Is this the end of multilateralism?

| Updated on November 28, 2019 Published on November 28, 2019

By forcing WTO’s appellate body to shut shop, the US has escalated its trade war to the WTO

The World Trade Organisation is facing the prospect of death by a thousand cuts. The WTO’s most important arm for resolving global trade disputes — the Appellate Body (AB) — will become dysfunctional from December 11, when the number of judges on the panel falls below the mandatory minimum. The AB delivered binding rulings in hundreds of trade disputes over the past 25 years. Members of the trade body were subjected to biting trade sanctions if they failed to comply with its rulings.

The US played a major role in establishing this binding dispute resolution mechanism at the end of the Uruguay Round of trade negotiations, that led to the creation of the WTO in 1995. Earlier, trade disputes were decided by GATT (General Agreement on Tariffs and Trade) panels that lacked the power to enforce implementation. The US also remained a major beneficiary of the rulings passed by the highest court for trade issues. Washington succeeded in enforcing strong intellectual property enforcement rules and the removal of quantitative restrictions in India due to rulings passed by the AB. The US also lost several major trade disputes with India, the European Union, China, Brazil, Mexico and Canada in trade disputes involving anti-dumping measures, countervailing duties, and safeguard duties among others. The AB had invariably found several measures adopted by the US, particularly the provisions in the anti-dumping investigations based on zeroing methodology and countervailing measures, to be inconsistent with the existing WTO rules. These adverse rulings were not acceptable to the US, which wanted its way or the highway. Attempts to change the rules through negotiations such as the Doha Development Agenda (DDA) trade talks that began in 2001 were never concluded due to fierce opposition from the US. The US pulled the plug for completing the DDA talks due to opposition from its powerful lobbies that saw international rules as a threat for their trade-distorting farm subsidies and anti-dumping provisions.

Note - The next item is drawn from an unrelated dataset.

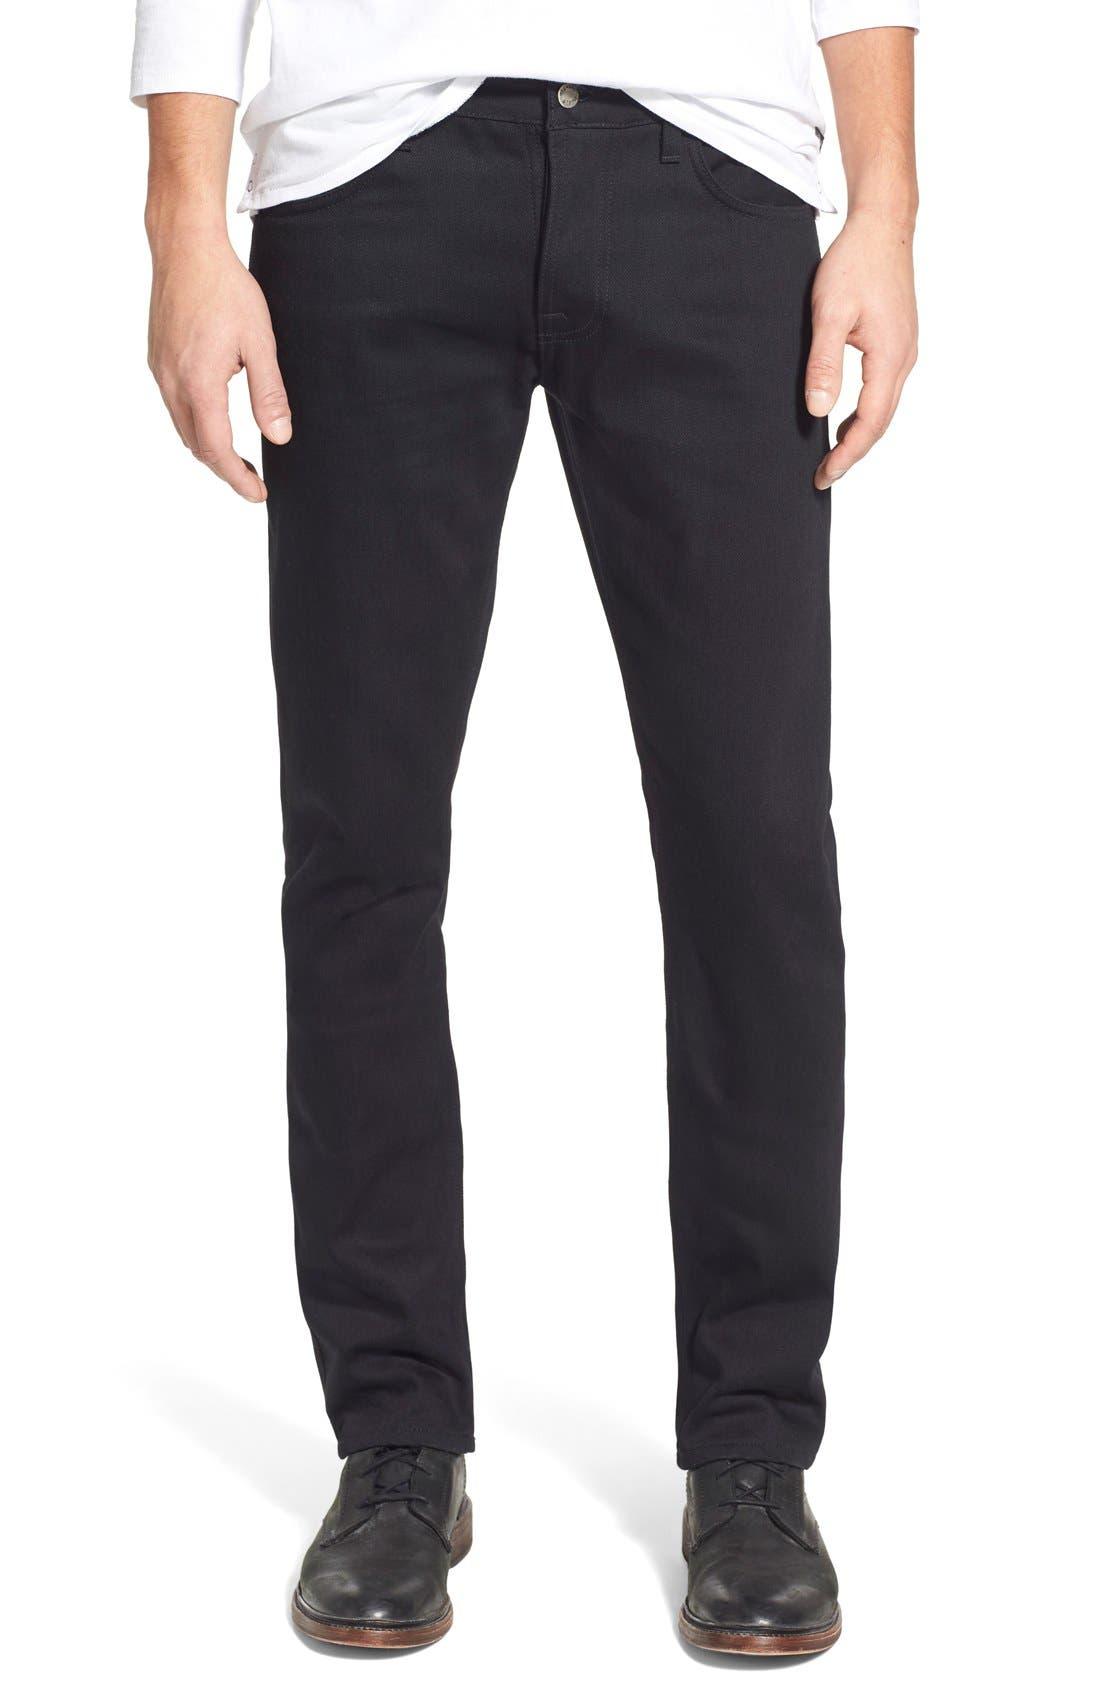 NUDIE JEANS 'Grim Tim' Slim Fit Raw Selvedge Jeans, Main, color, 001
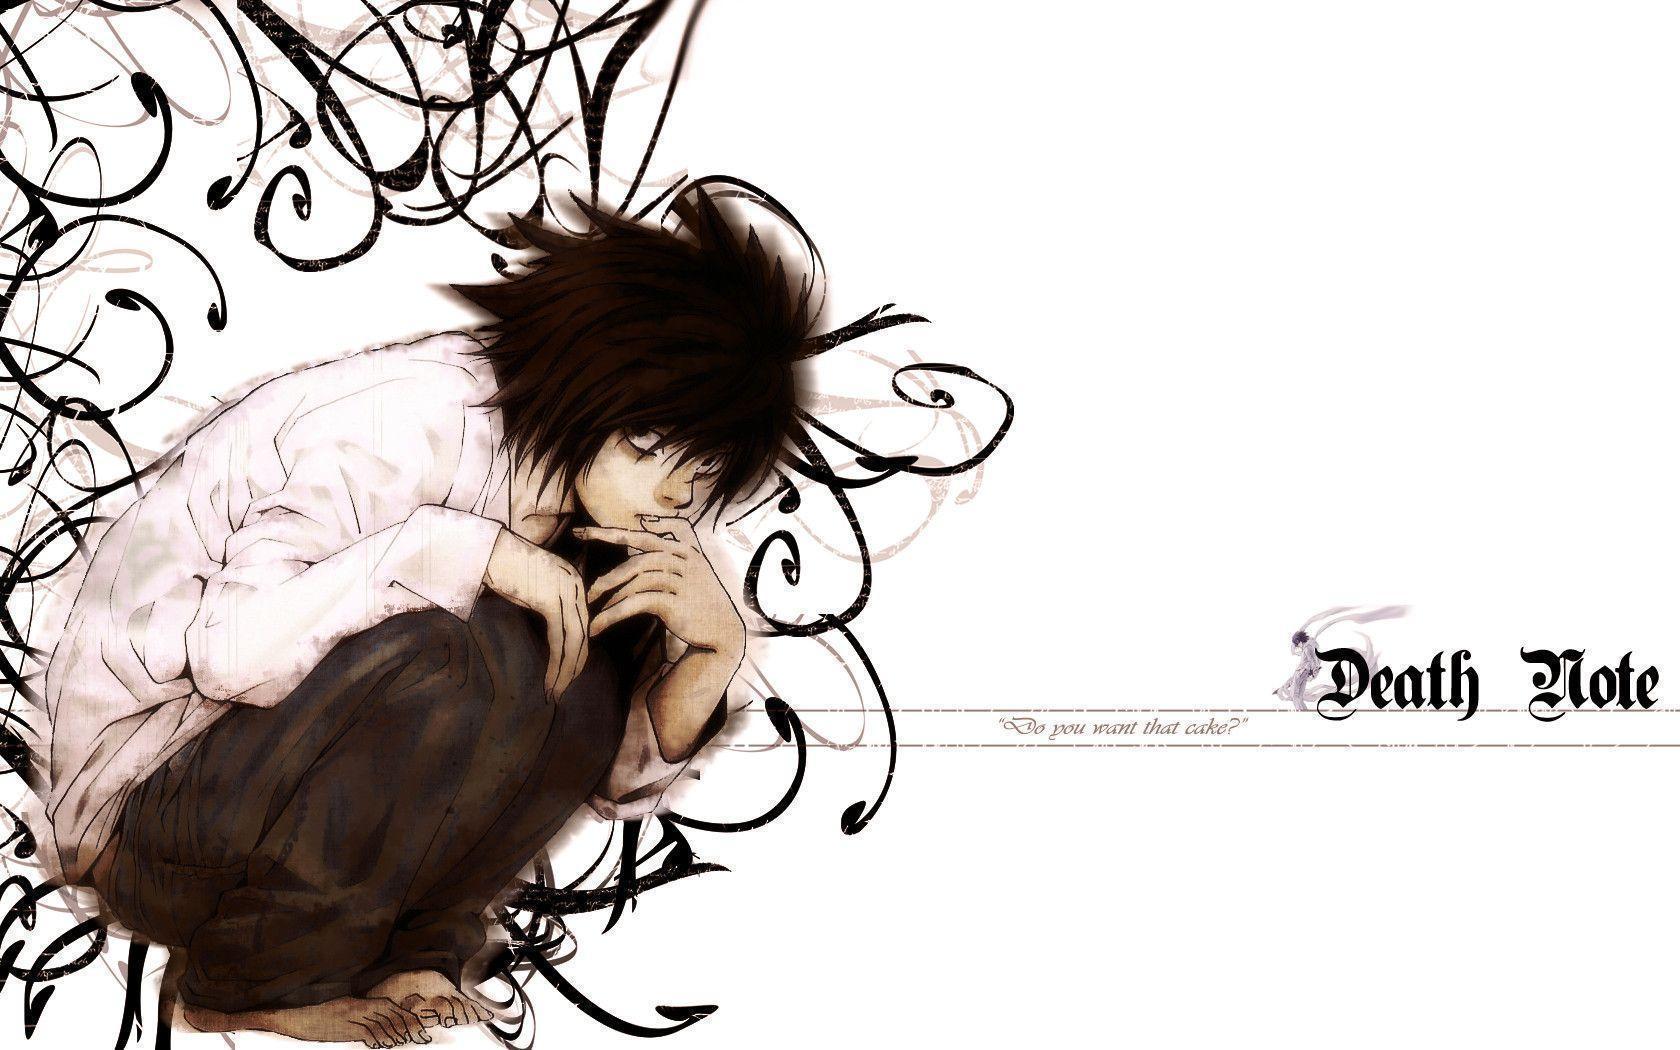 Death Note L Wallpapers - Wallpaper Cave

Little wonder that the US launched a sustained war against the adverse rulings issued by the AB, accusing the judges for not adhering to the dispute settlement understanding (DSU). A trade version of “shock and awe” was adopted at the WTO with the blocking of a second term for a serving AB member from South Korea in 2016. Subsequently, it blocked the selection process for filling the vacancies at the highest court for the past two years. Washington has not showed any signs of lifting its opposition despite members making a concerted effort to address its concerns. It also placed wrenching conditions in the use of funds for AB members in pending trade disputes. Consequently, India’s two appeals against Japan and the US respectively, and one major appeal launched by the US against India’s dispute on the illegal American local content requirements and subsidies used for its renewable sector, would go into limbo. Effectively, the Trump administration has struck the death knell for multilateralism.